Xbox vs PS4: Microsoft and Sony Can’t (Or Won’t?) Keep Up With Demand

Xbox vs PS4: Microsoft and Sony Can’t (Or Won’t?) Keep Up With Demand
DeKalb police Officer Q.S. Starnes, left, helps Best Buy manager Sammy Abuata wheel in a pallet of Xbox One game sets for a door-buster sale just before midnight on Thanksgiving Day, Thursday, Nov. 28, 2013, in Dunwoody, Ga. (AP Photo/David Tulis)
Zachary Stieber
12/25/2013
Updated:
7/18/2015

The Xbox One and Playstation 4--the latest generation gaming consoles--are in high demand, and Microsoft and Sony--the companies that make them--can’t, or won’t, keep up with the demand.

It’s Christmas now and everyone is done their shopping, but in the days leading up to the holiday, supply of both consoles was scarce. 

Several retailers surveyed by CNN either didn’t have any of the consoles left or had very few on Christmas Eve.

“Forced to wait in long lines or hunt around at multiple stores to find a console, many consumers have grown agitated,” CNN reported. “Some have even taken to social networks, claiming that the companies have purposefully limited supply to create artificial demand for their video game systems.”
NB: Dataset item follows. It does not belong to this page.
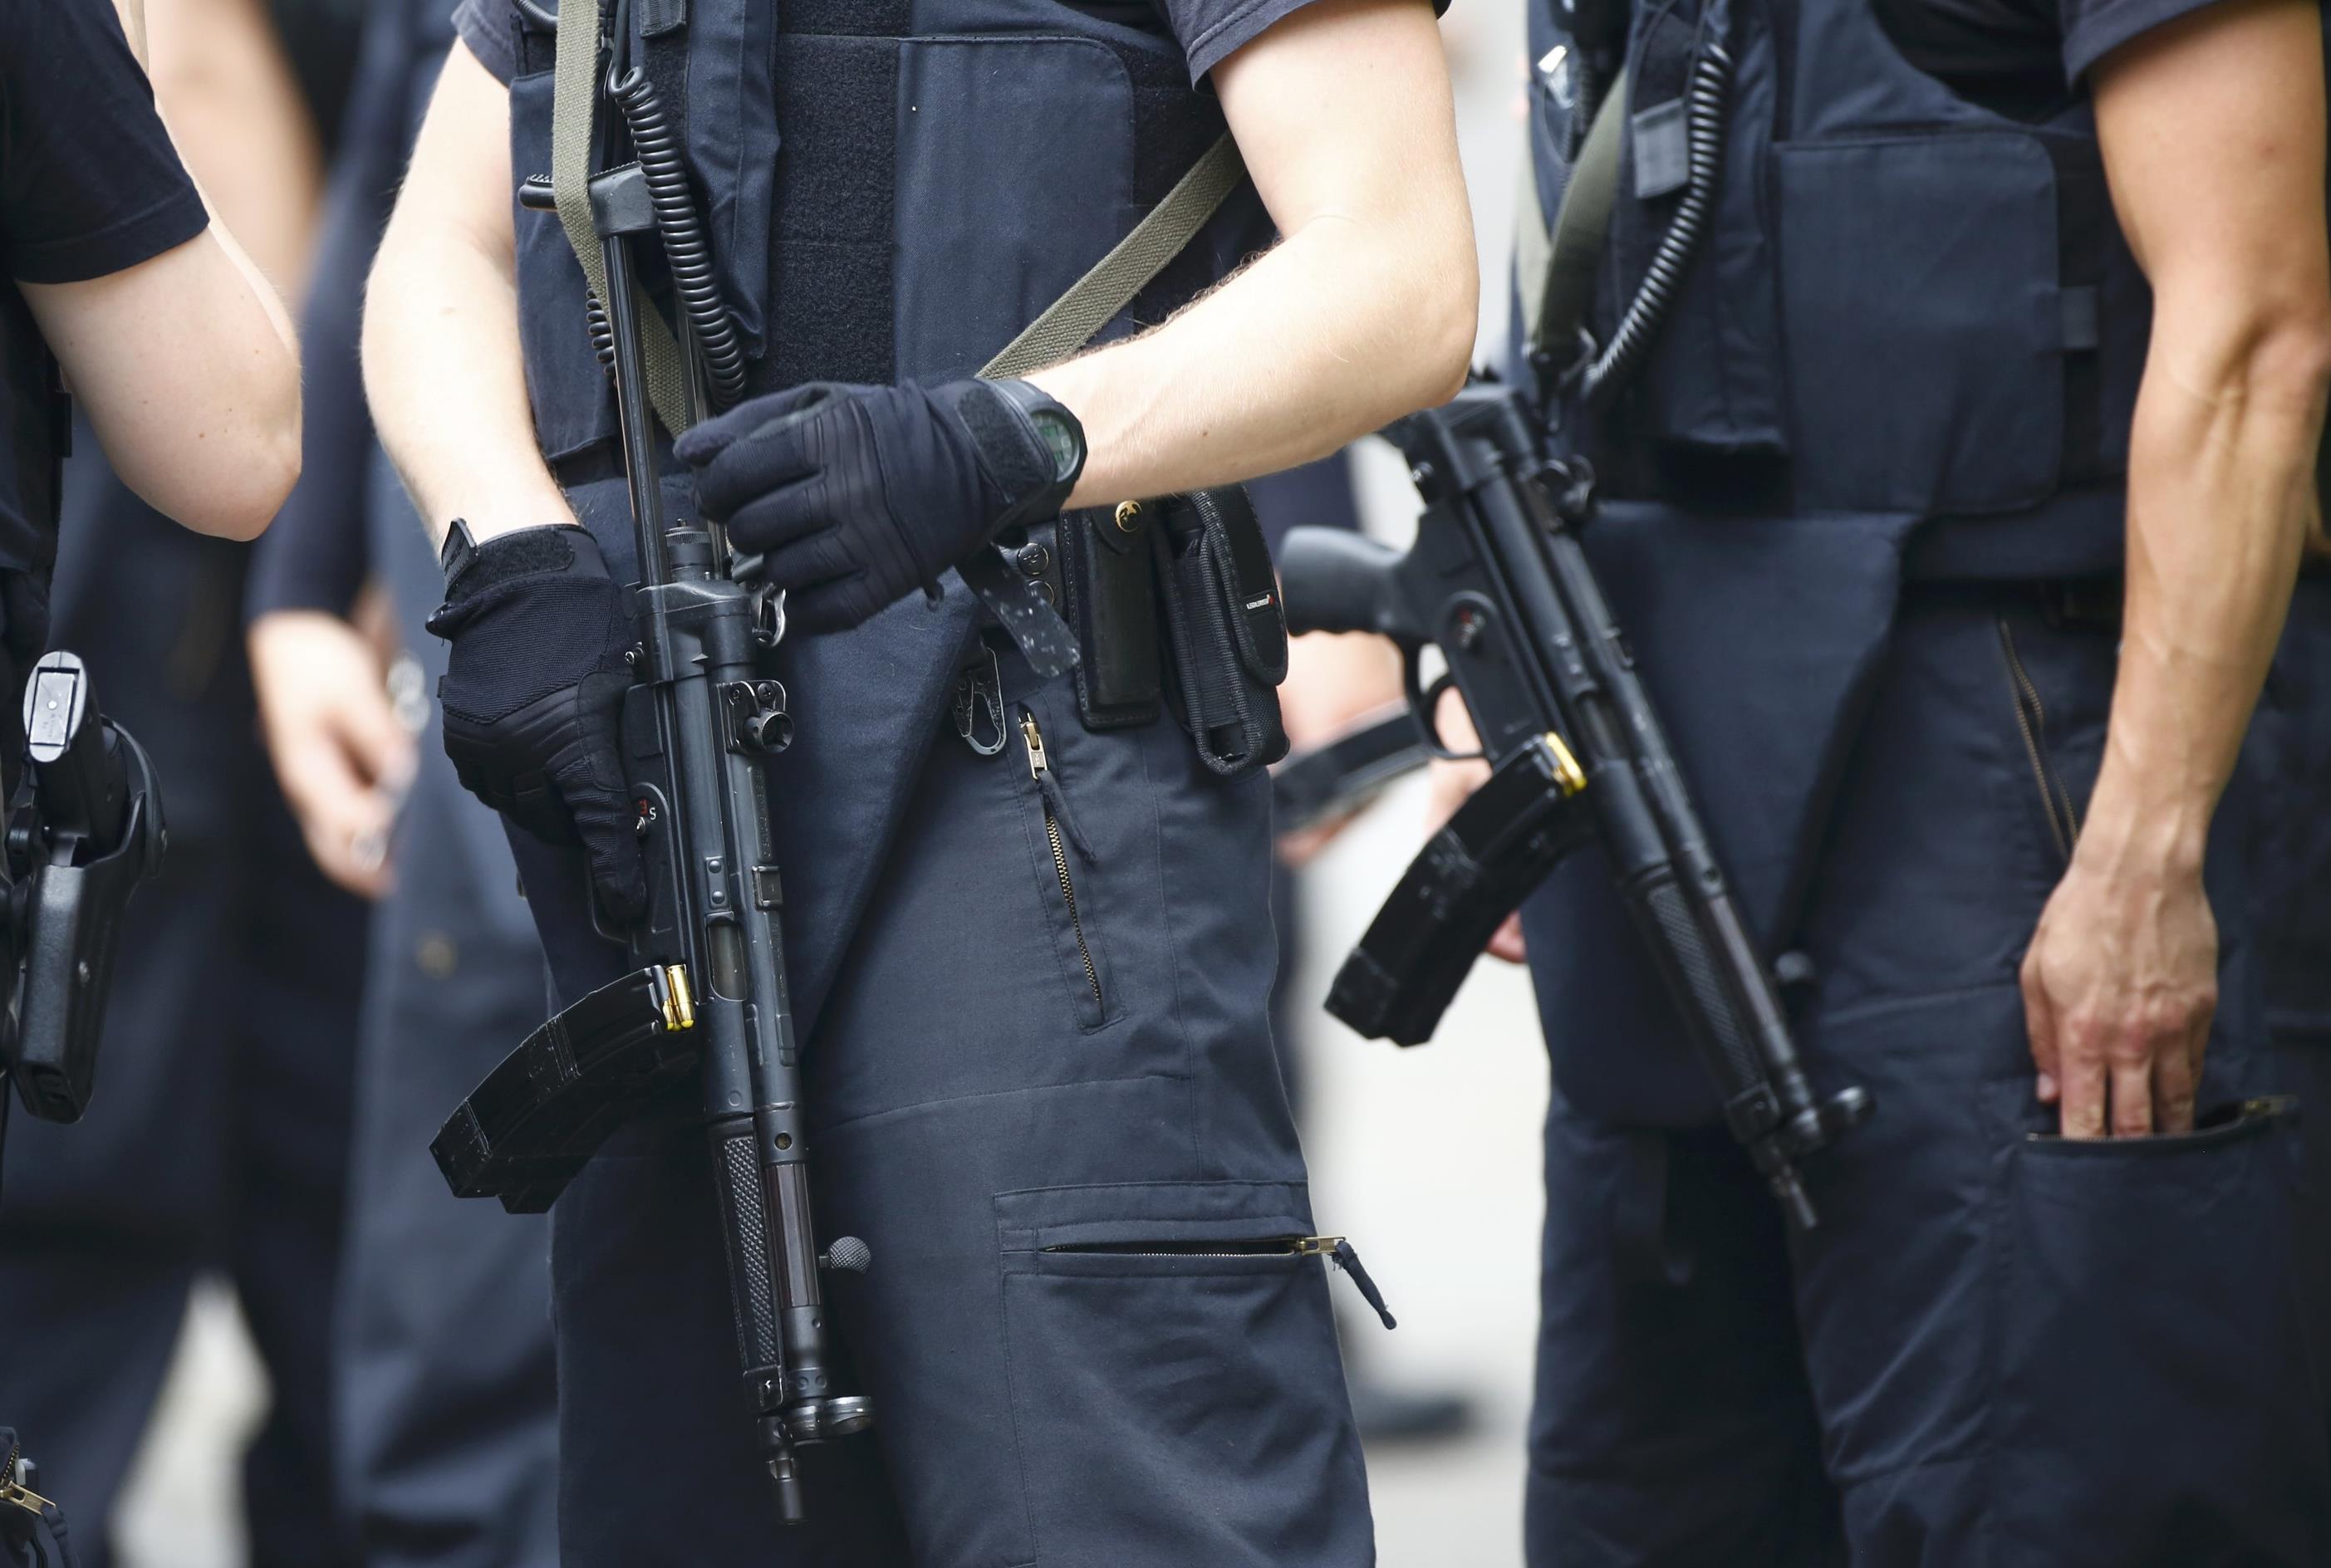 Αστυνομία της Λειψίας: Χάσαμε οπλοπολυβόλο, αν το δείτε ενημερώστε

Here’s where the key question comes in--are the companies unable to keep up with demand or are they unwilling (as in, keeping supply behind demand on purpose).

Representatives of both companies say that the lack of supply isn’t on purpose. 

“Do you create an artificial shortage because you want there to be a feeding frenzy? No you don’t,” Jack Tretton, head of United States operations for Sony, said on a PlayStation blogcast earlier this month. “The holidays only come around once a year so that’s really when you want to take advantage of the market opportunity.”

Microsoft said in a blog post earlier in the month that it is “delivering consoles to retailers as fast as possible this holiday season.”

“Demand is exceeding supply in our 13 launch markets and Xbox One is sold out at most retailers,” Yusuf Mehdi, corporate vice president of strategy and marketing for Xbox said in a statement, and GameStop added that it has been unable to fulfill customer demand.

CNN notes that limited supply for the last generation of consoles lasted for years.

“The Nintendo Wii and PlayStation 3 faced on-and-off supply shortages that lasted through 2010 -- four years after the consoles debuted. The PlayStation 2 also faced a shortage during the 2004 holiday shopping season -- four years following its launch -- after Sony introduced a slimmed-down version.”